Giving breeders their props

Recognizing and rewarding cannabis breeders for their work would be in the best interest of cannabis patients, consumers, and the entire cannabis economy. But unfortunately, current cannabis market dynamics have made it very difficult for breeders to be fairly compensated and adequately incentivized for sharing their contributions. Due to cloning, breeders are not able to protect and monetize their prized genetics. That's a major problem—not just for breeders, but for the entire cannabis community.

For this reason, three cannabis industry pioneers have started a business that offers a solution. Breeder’s Best seeks optimized chemovars (“chemical varieties" that are erroneously termed “strains” in common parlance) to help the plant meet its full therapeutic potential, thereby making cannabis safer and better. The company is the brainchild of cannabis researcher Dr. Ethan Russo, botanist and author of Marijuana Botany & Cannabis: Evolution and Ethnobotany, Robert Clarke, and plant scientist turned intellectual property (IP) attorney, Dale Hunt, Ph.D.

In addition to helping breeders secure and protect their intellectual property, Breeder’s Best will work with them to develop commercial partnerships to license their IP and collect royalties for their genetics. The company wants to ensure that breeders get recognized and compensated for the cannabis plants they are creating. 

“I know how to set up appropriate and modest royalty opportunities along the supply chain so that [breeders] have a way to capture value," says Hunt. "We’ve got multiple nurseries that we’re talking to in California that all recognize the value in paying a royalty for having access to exclusive and vetted genetics.”

Hunt has a doctorate in plant cellular and molecular biology and has been practicing intellectual property law for 23 years. He’s obtained thousands of patents and plant variety rights for his clients in more than 30 countries.

He explained the impetus for starting this business: “I’d been approached by multiple cannabis breeders who wanted me to help them get intellectual property protection and the conversation was always, ‘Yes that’s what I do, that’s easy, but how are you going to make money with this?

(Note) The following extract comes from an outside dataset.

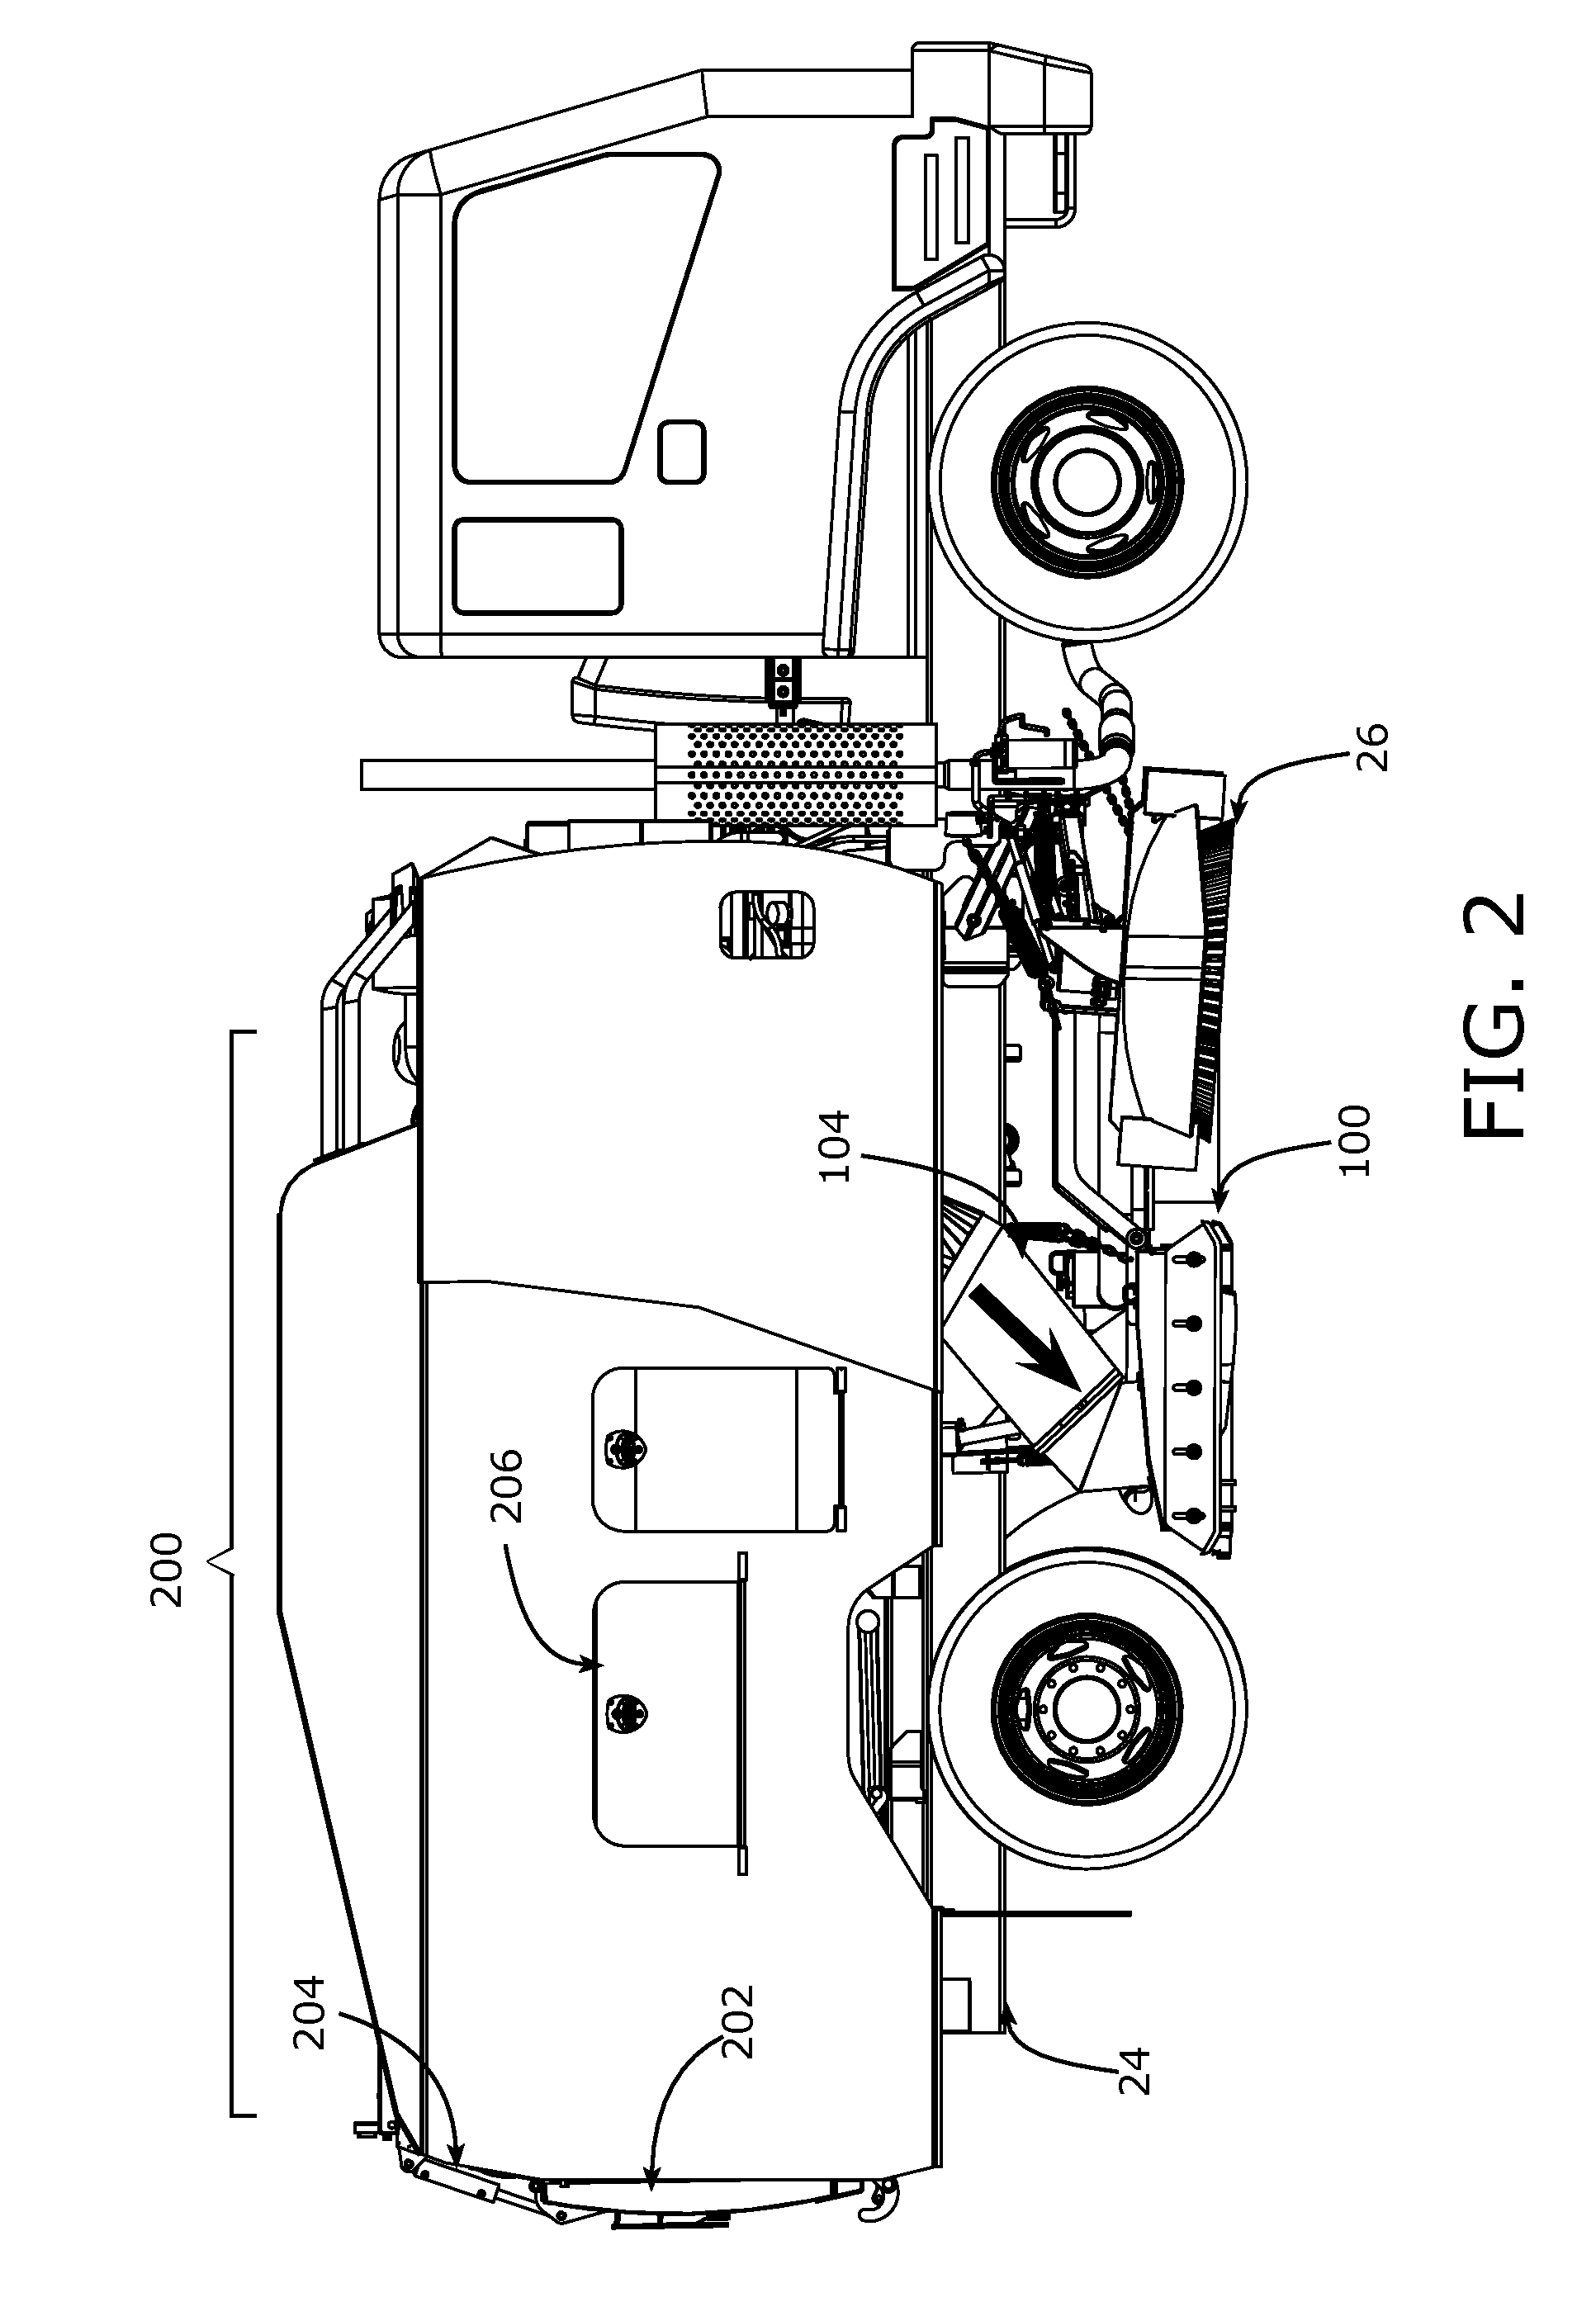 High Efficiency Intake Hood System For Mobile Sweeper Vehicles

Because if you’re paying for a patent that’s not going to make you money. It became really clear to me that there was a missing piece here.

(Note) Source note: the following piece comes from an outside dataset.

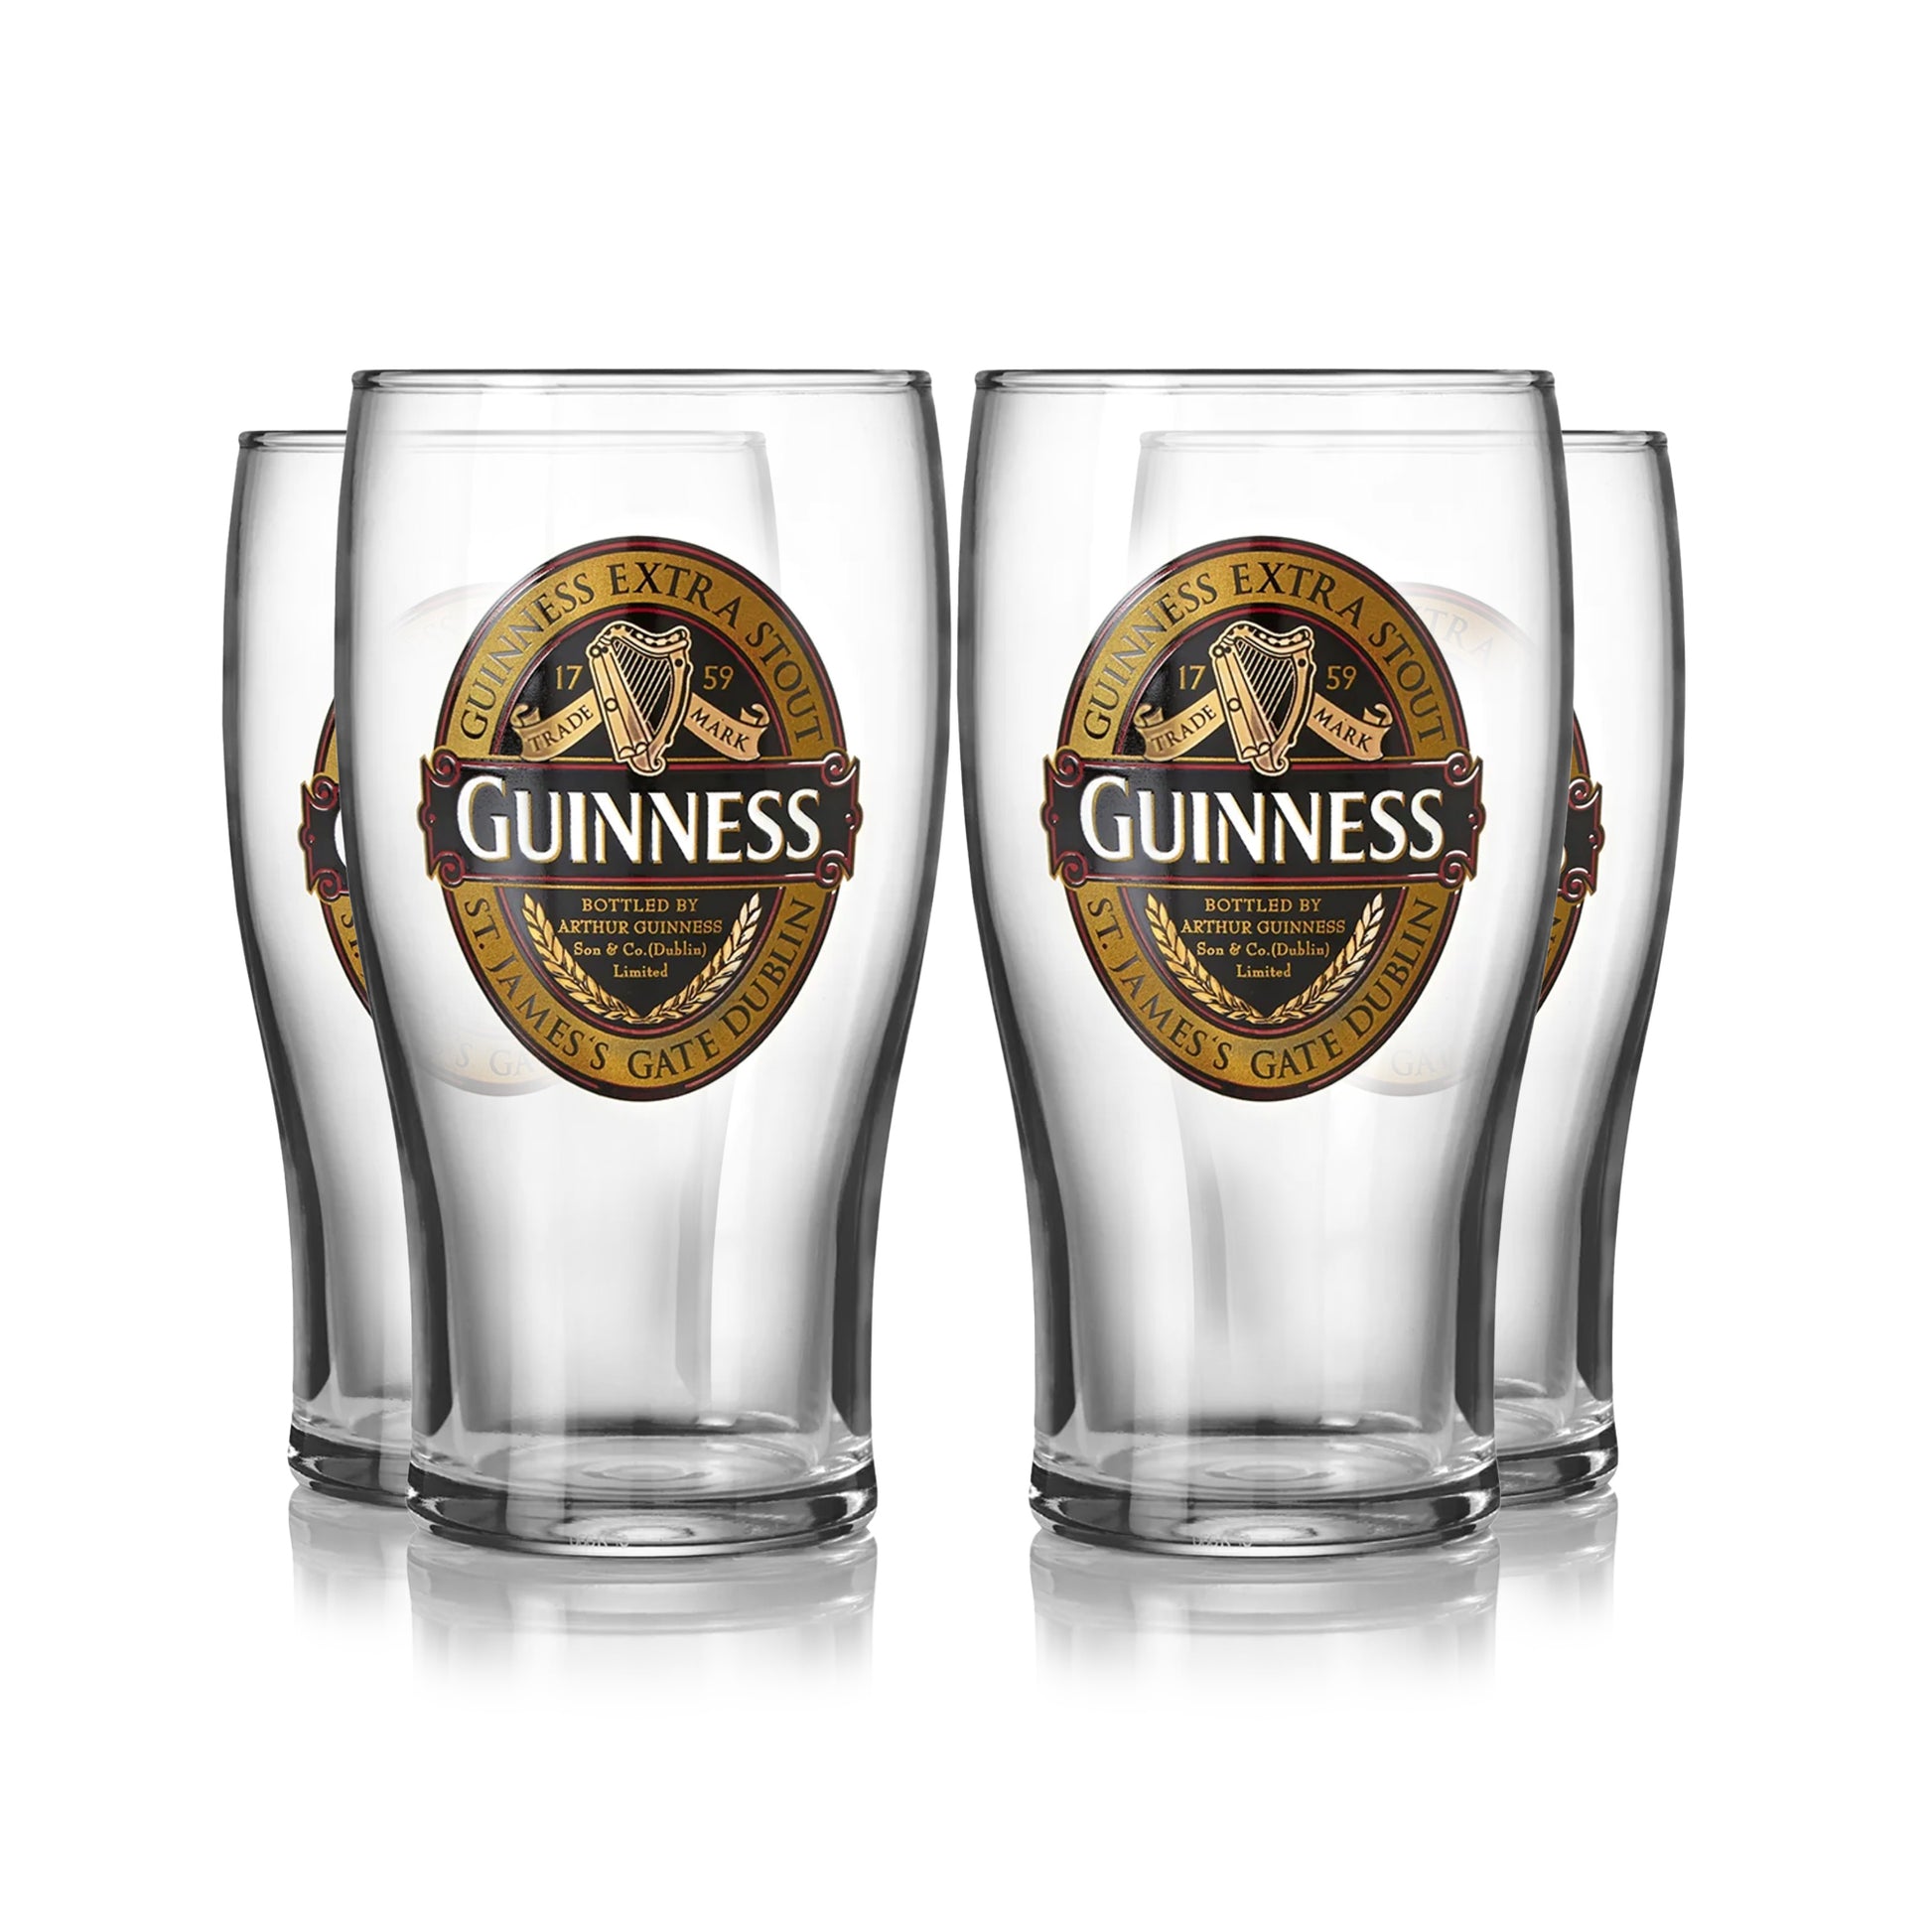 Four Guinness UK Classic Collection Pint Glasses - 4 Pack featuring the limited edition Extra Stout label, set against a white background.

Hunt says this was the genesis of the genetics idea. "Let’s provide a service that goes way beyond what a law firm does, and that not only protects IP, but that also finds good markets, good opportunities, good partners for breeders to make money from their IP,” he says.

How it works

After a breeder submits their genetics to Breeder’s Best, a team led by Dr. Ethan Russo and Robert Clarke review the genetics and interview the breeder. The Breeder’s Best team analyzes the potential applications and commercial viability of the plant and if they decide to work with the breeder, they request a license from the breeder to put their genetics and IP into a test grow. 

These preliminary agreements include a one year option for Breeder’s Best to go find and develop commercial production partnerships. Hunt explained that the term is only one year so that both parties can get to know each other before entering any long term arrangement. He emphasized, “key elements of those deals are that we will never own their patent, we will be their exclusive licensee as long as we can pay a minimum annual royalty that we negotiate, and if we don’t do our job, we lose our exclusivity. If we come up way short, we lose our license. As someone who’s negotiated a lot of IP licenses, it was important for me to make sure that [the agreement] was balanced. We need to be really good with the breeders. They’re the creative engine that drives the company.” 

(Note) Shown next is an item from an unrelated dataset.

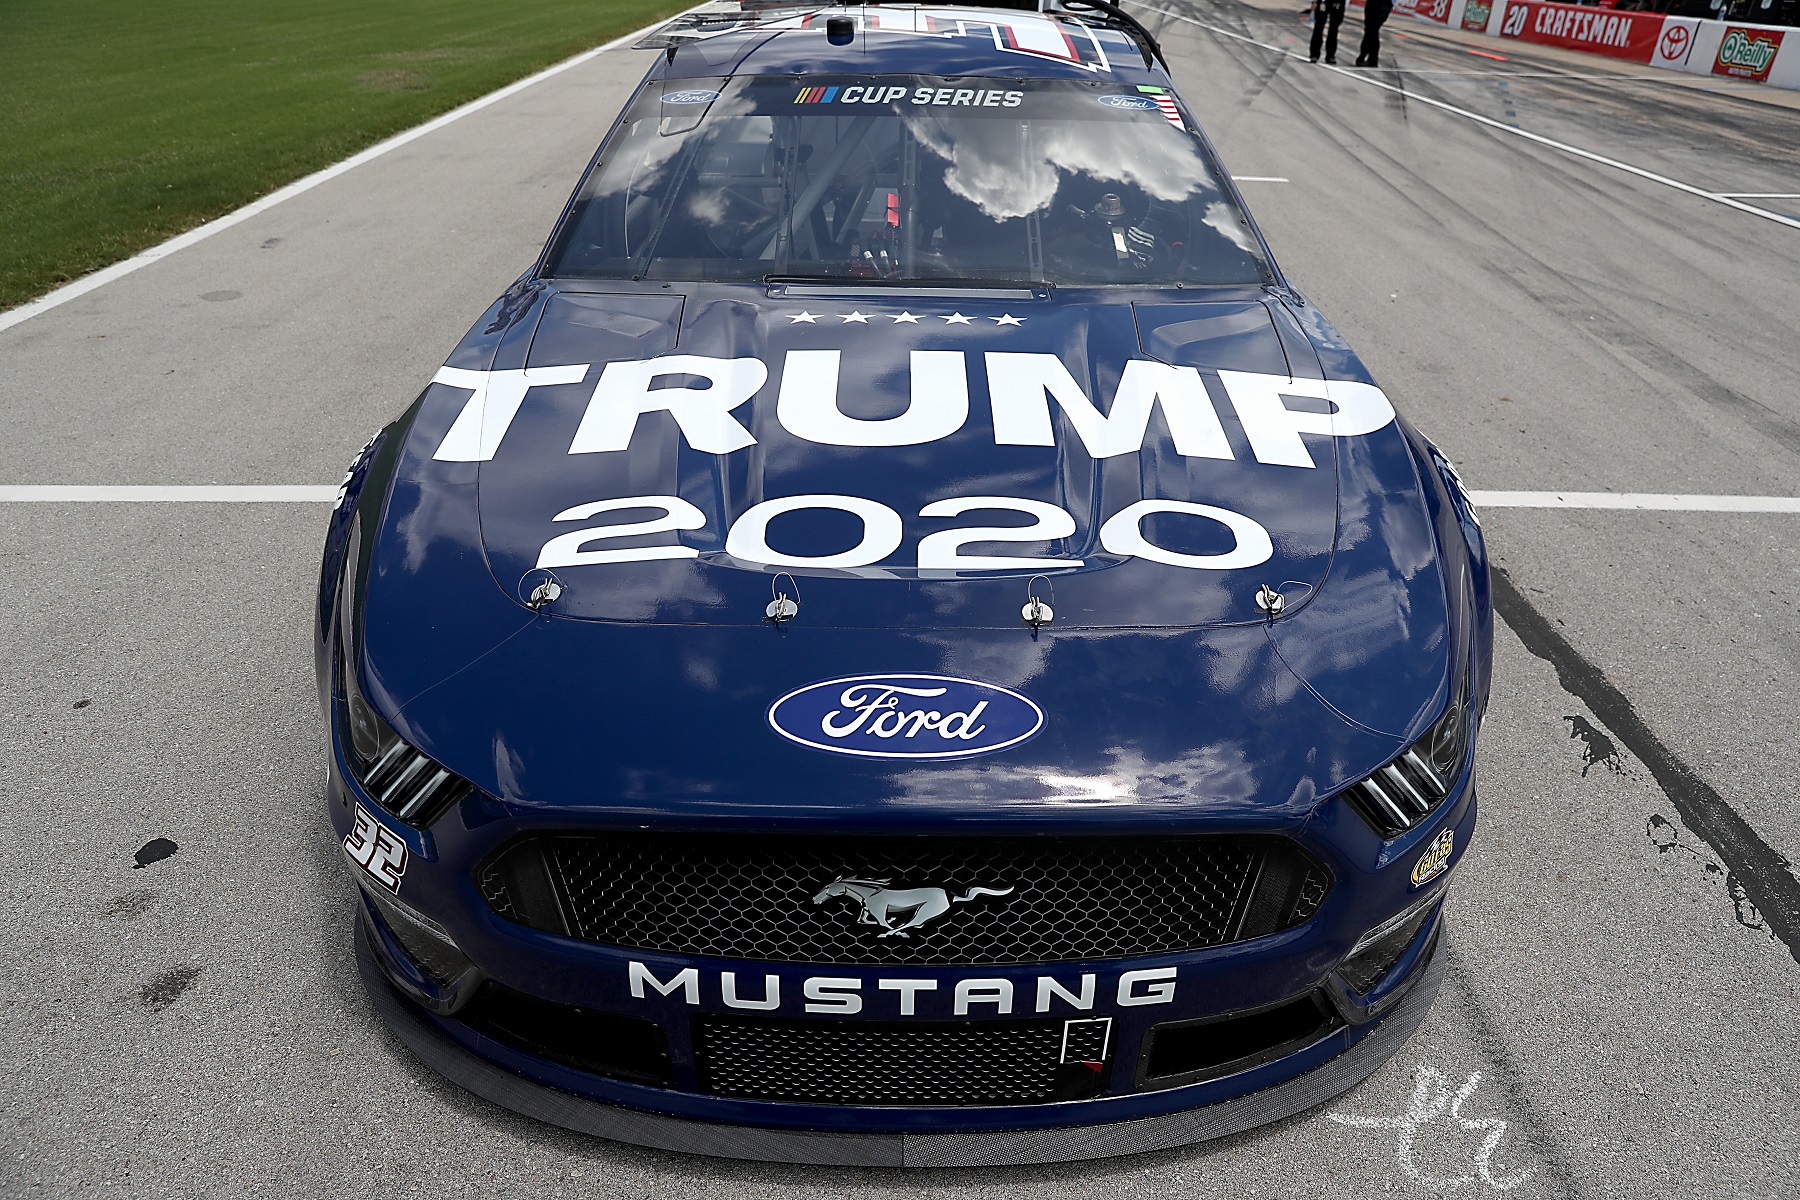 Trump 2020 NASCAR Team Will Continue to Race on Goodyear Tires

I asked Hunt what the best-case scenario for Breeder’s Best looks like five years from now. The question stirred up some strong emotion in him and he responded slightly choked up. “A lot of independent cannabis breeders have been struggling to find their way in the industry. They need to be getting paid and recognized for their life’s work and seeing the impact their life’s work is having on patients around the world.”